The last few weeks have been anything but normal around the Woods' house. John has been off work, which has been nice for me and the kids. The kids have been out of school for the Christmas holidays. We've spent lots of time together as a family which has also been nice for the kids and for John and I. But, tomorrow, everything will seem to be back to normal. John went back to work today, the boys start back to school tomorrow, and the girls start back to WeeOnes tomorrow. Then, on Wednesday, BSF will begin again for the girls and I. I will be back to getting up early, making lunches, getting kiddos off to school, running errands, doing laundry (somehow the laundry never stops no matter what time of year it is), picking the kids up from school, etc., etc., etc. I've been ready to get back to a normal schedule, but I've also enjoyed my children being home and John being here with us for a few weeks.

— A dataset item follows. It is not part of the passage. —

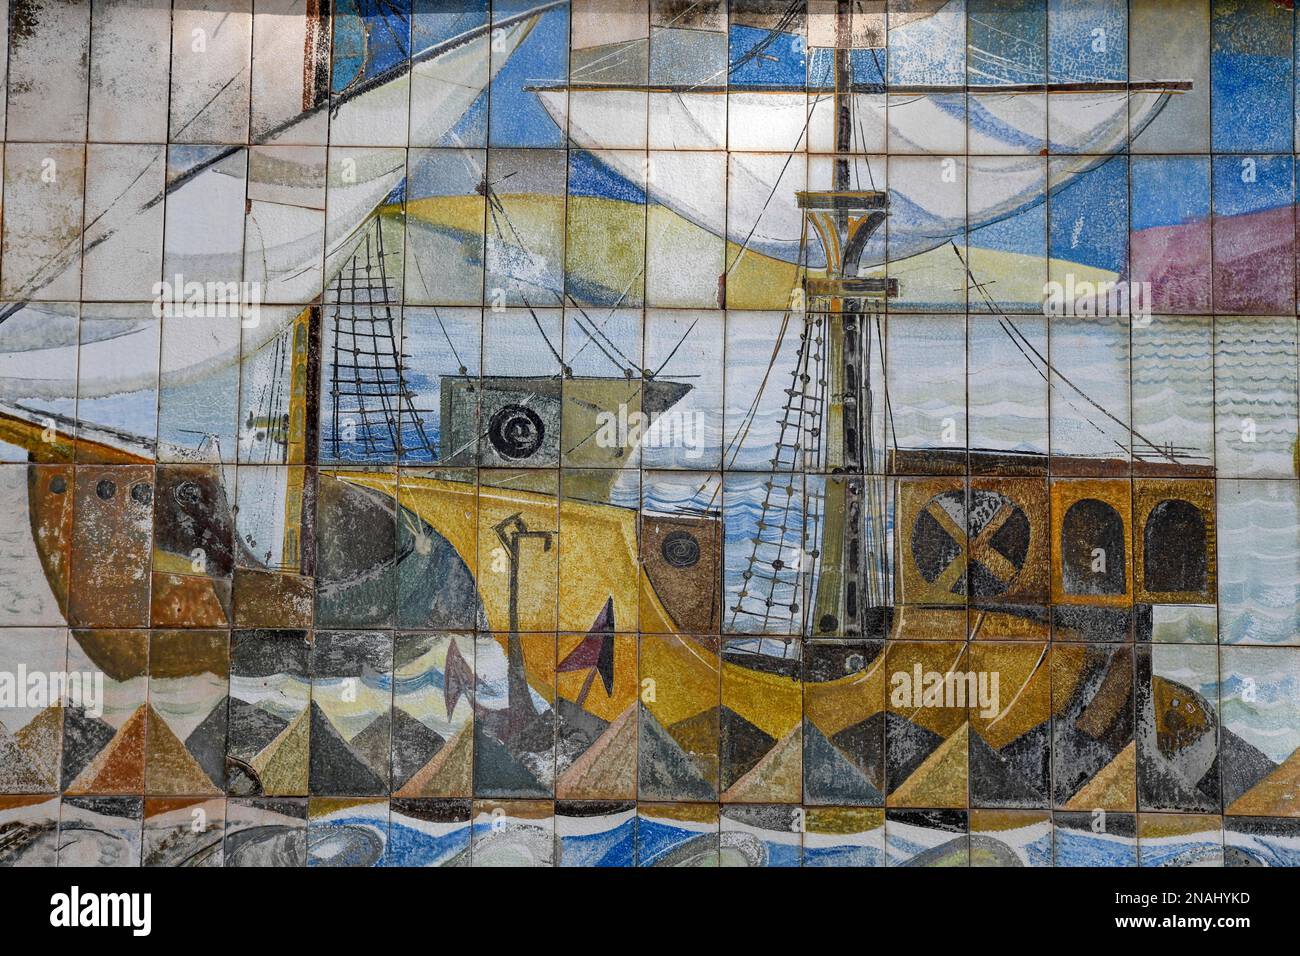 Carreaux muraux peints avec motif marin sur la colline du château, Cartagena, région de Murcie, Espagne Banque D'Images

As 2009 us now underway, I think about new beginnings. I don't usually make new year's resolutions, because I seldom follow through. But, I've been convicted about my personal time with God. I don't spend near enough personal time with the One who loved me enough to die for me. The One who has forgiven me of everything I've ever done wrong, and the One who has a place prepared for me when I die. The One who cares for me day after day, providing for my every need. The One who is my Savior and my friend. The One whom I can call on any time. The One who longs for me to spend time with Him. It is Jesus! I've committed to get up earlier, to win the "battle of the blanket", to not let busyness get in the way, and to start my day with my Lord! I've tried to face each day in my own strength and have failed miserably. I need God's strength to be a Godly wife and mother. My Sunday School teacher challenged our class this past Sunday to read a Proverb a day, and I'm going to take him up on his challenge. I'm also going to stop waiting until the last minute to work on my BSF (Bible Study Fellowship) lesson. Lord, please help me to follow through with my commitment to You. I love you and I want my life to show evidence of that. Thank you for convicting me when I am not walking with you!
On another note, my Bradley lost another tooth yesterday. That was big news in his 7-yr. old world. The only two pictures I have to share today are of my boys in their Longhorn attire. They took a nap today so they could stay up late tonight and watch the Longhorns play football.